** Task to complete **
Print the whole listing below exactly, skipping every picture.

** Data below **
* * * * * * *

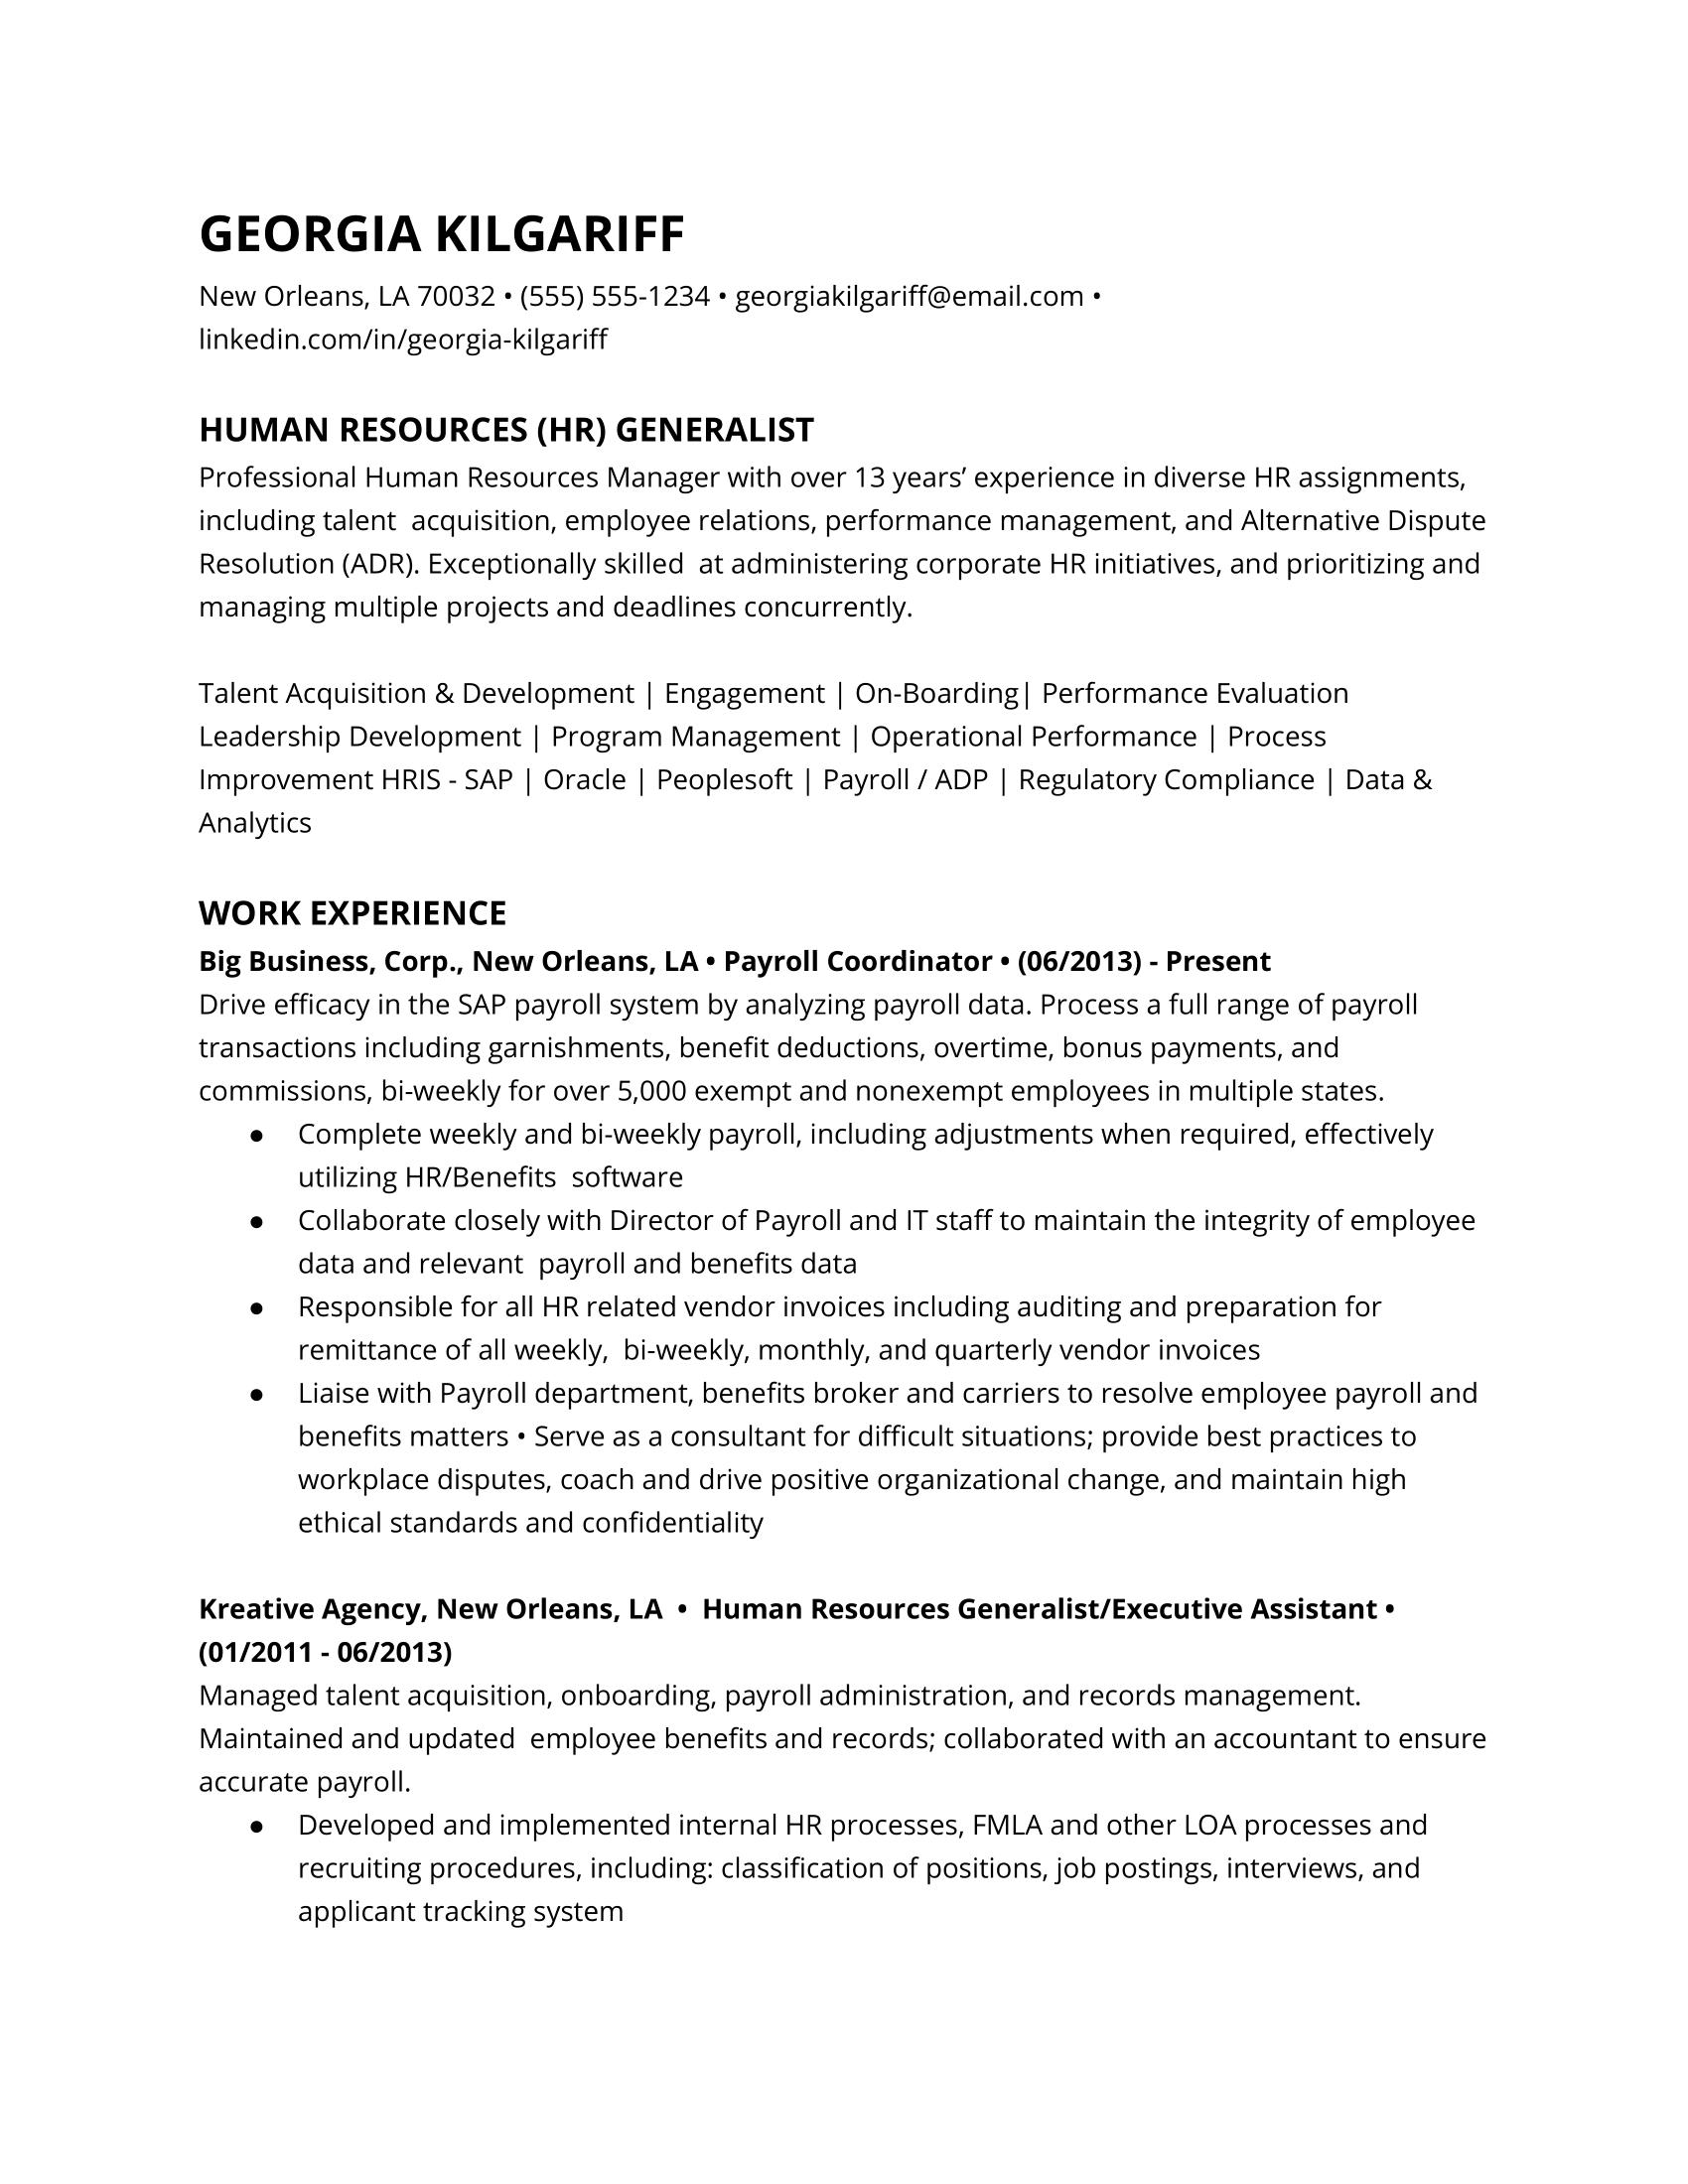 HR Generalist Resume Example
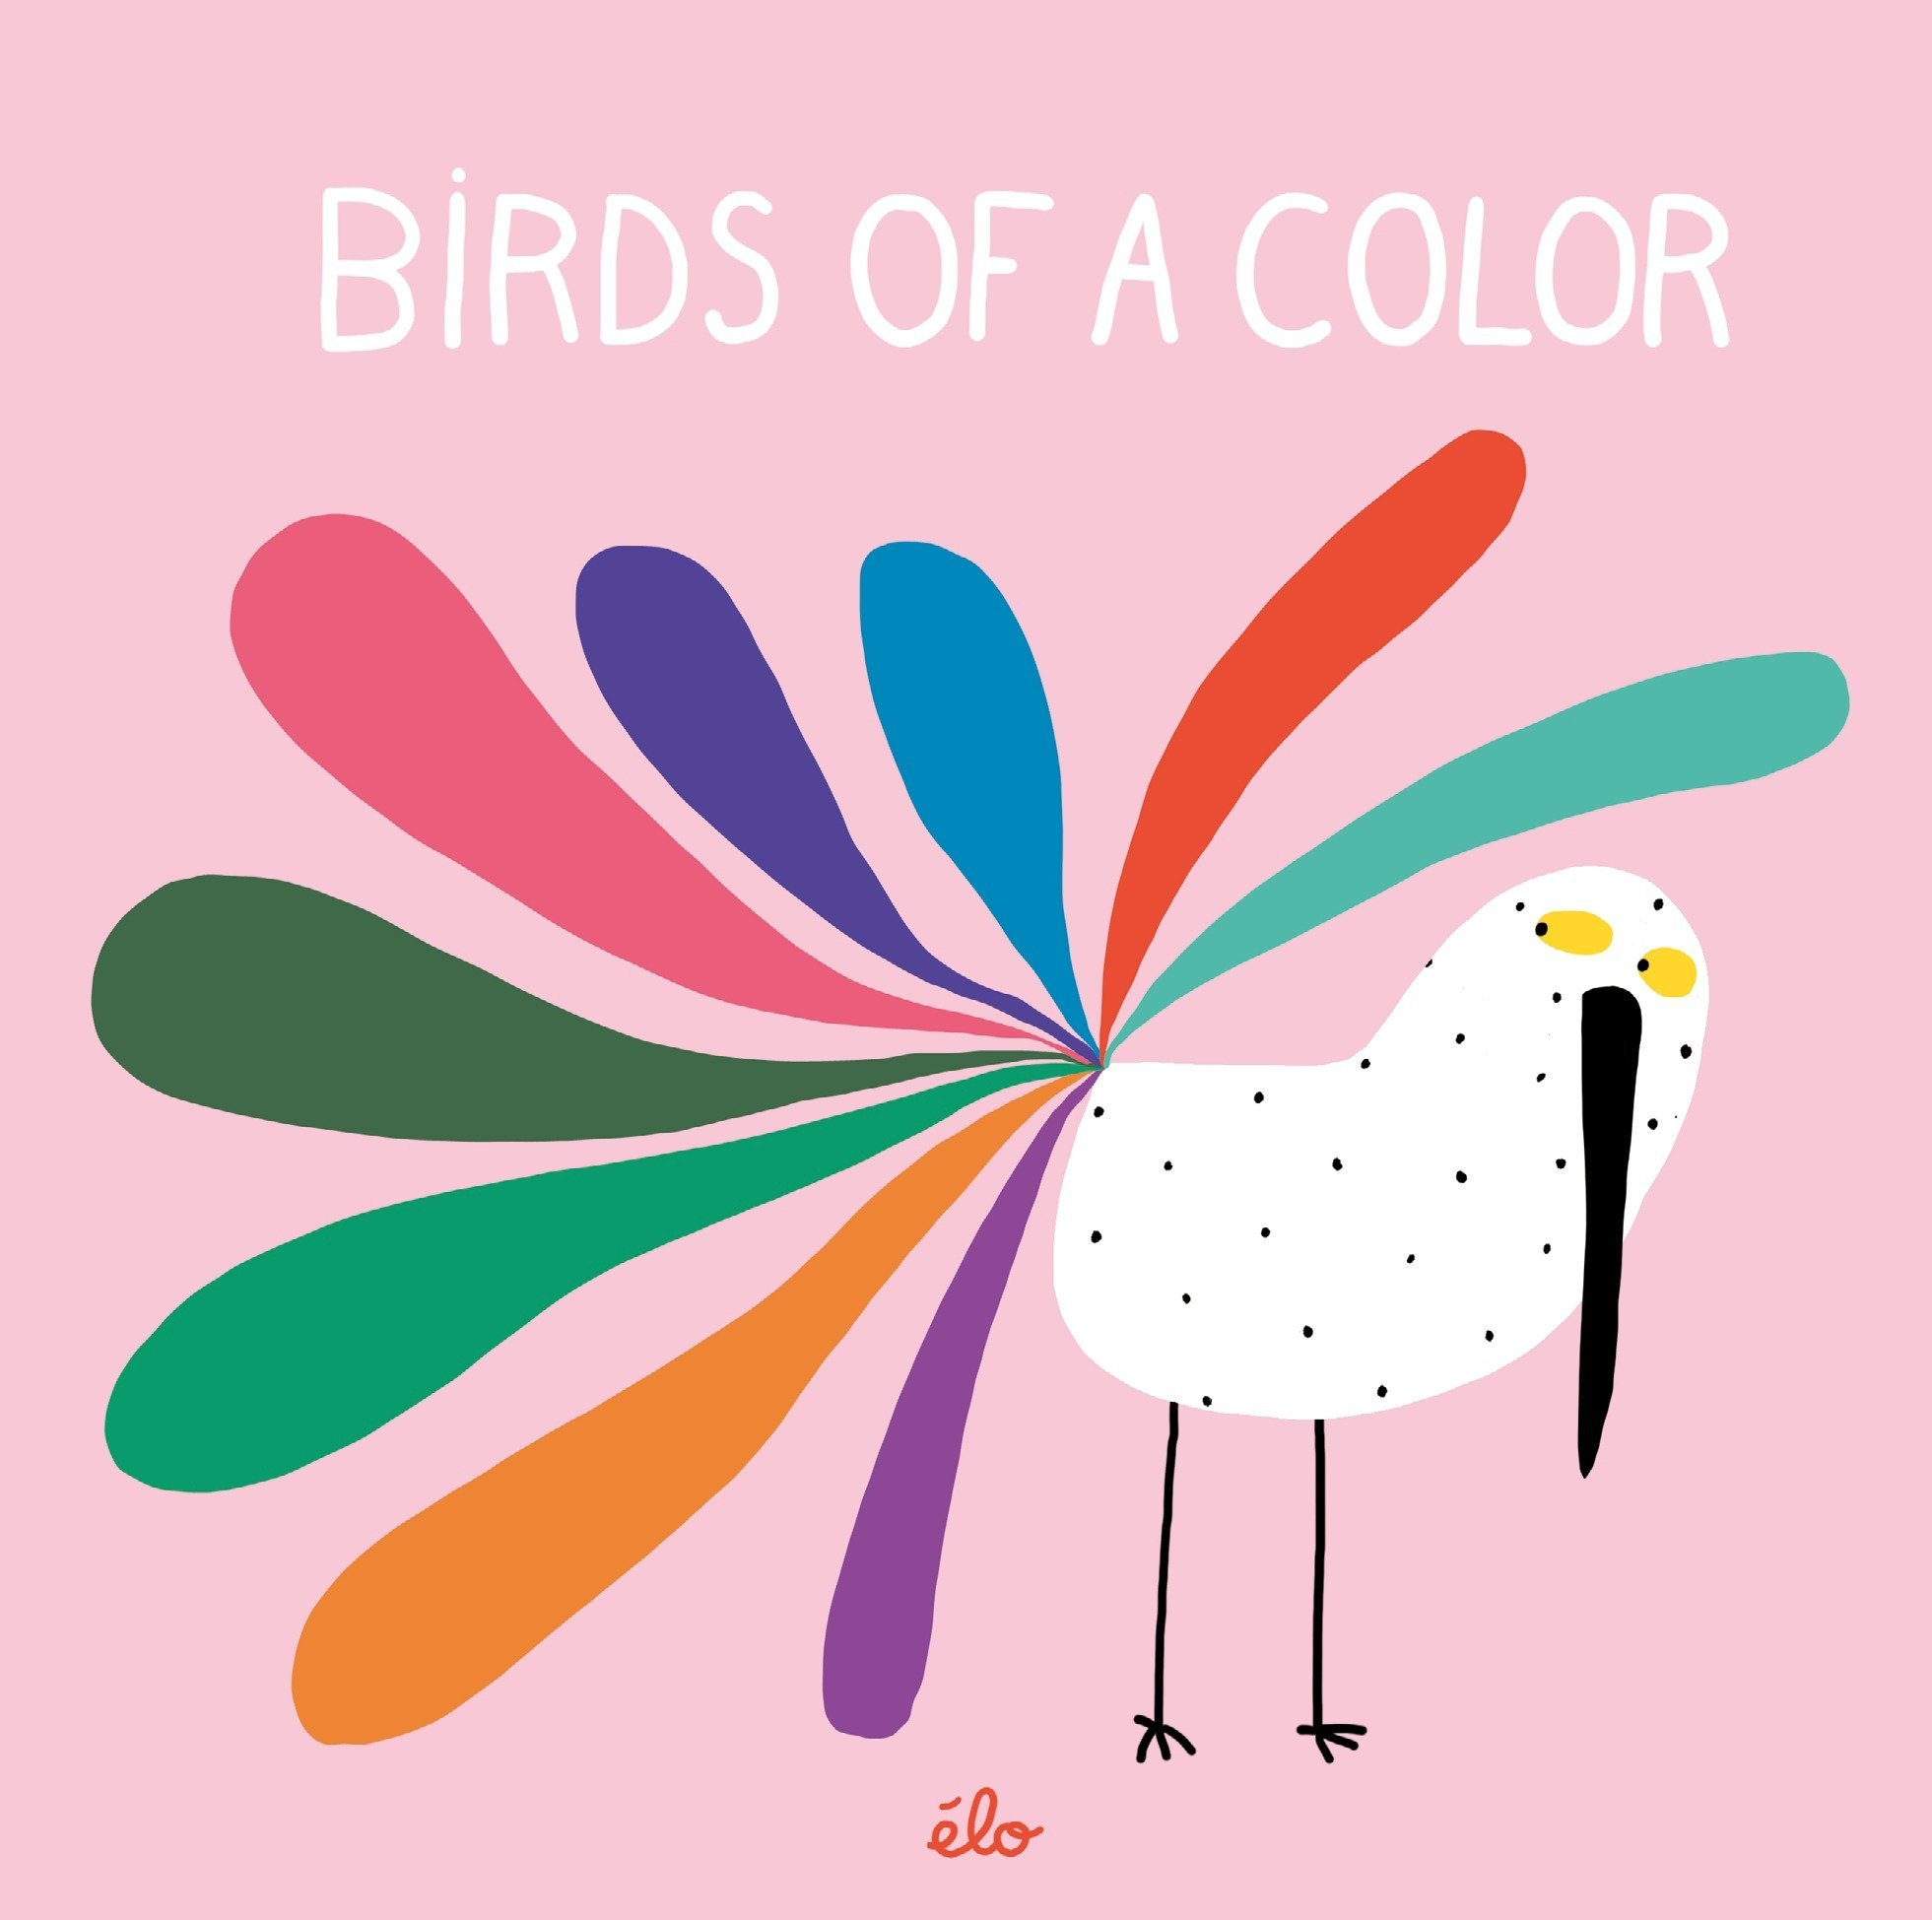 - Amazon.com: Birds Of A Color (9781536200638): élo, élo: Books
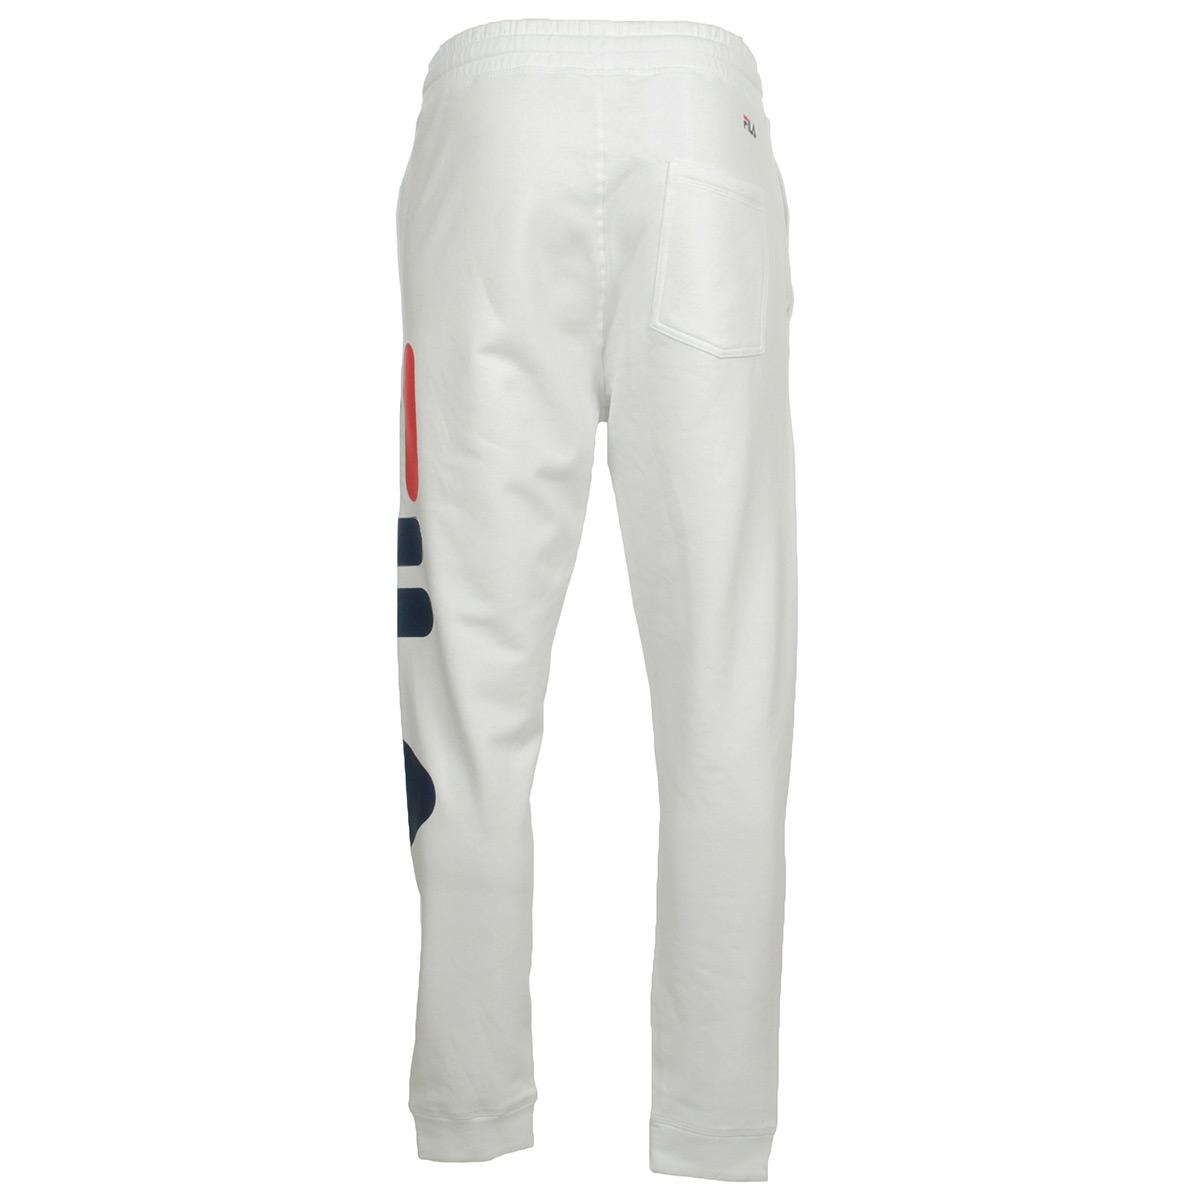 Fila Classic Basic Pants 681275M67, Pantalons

* * * * * * *

** Solution **
 HR Generalist Resume Example
 - Amazon.com: Birds Of A Color (9781536200638): élo, élo: Books
 Fila Classic Basic Pants 681275M67, Pantalons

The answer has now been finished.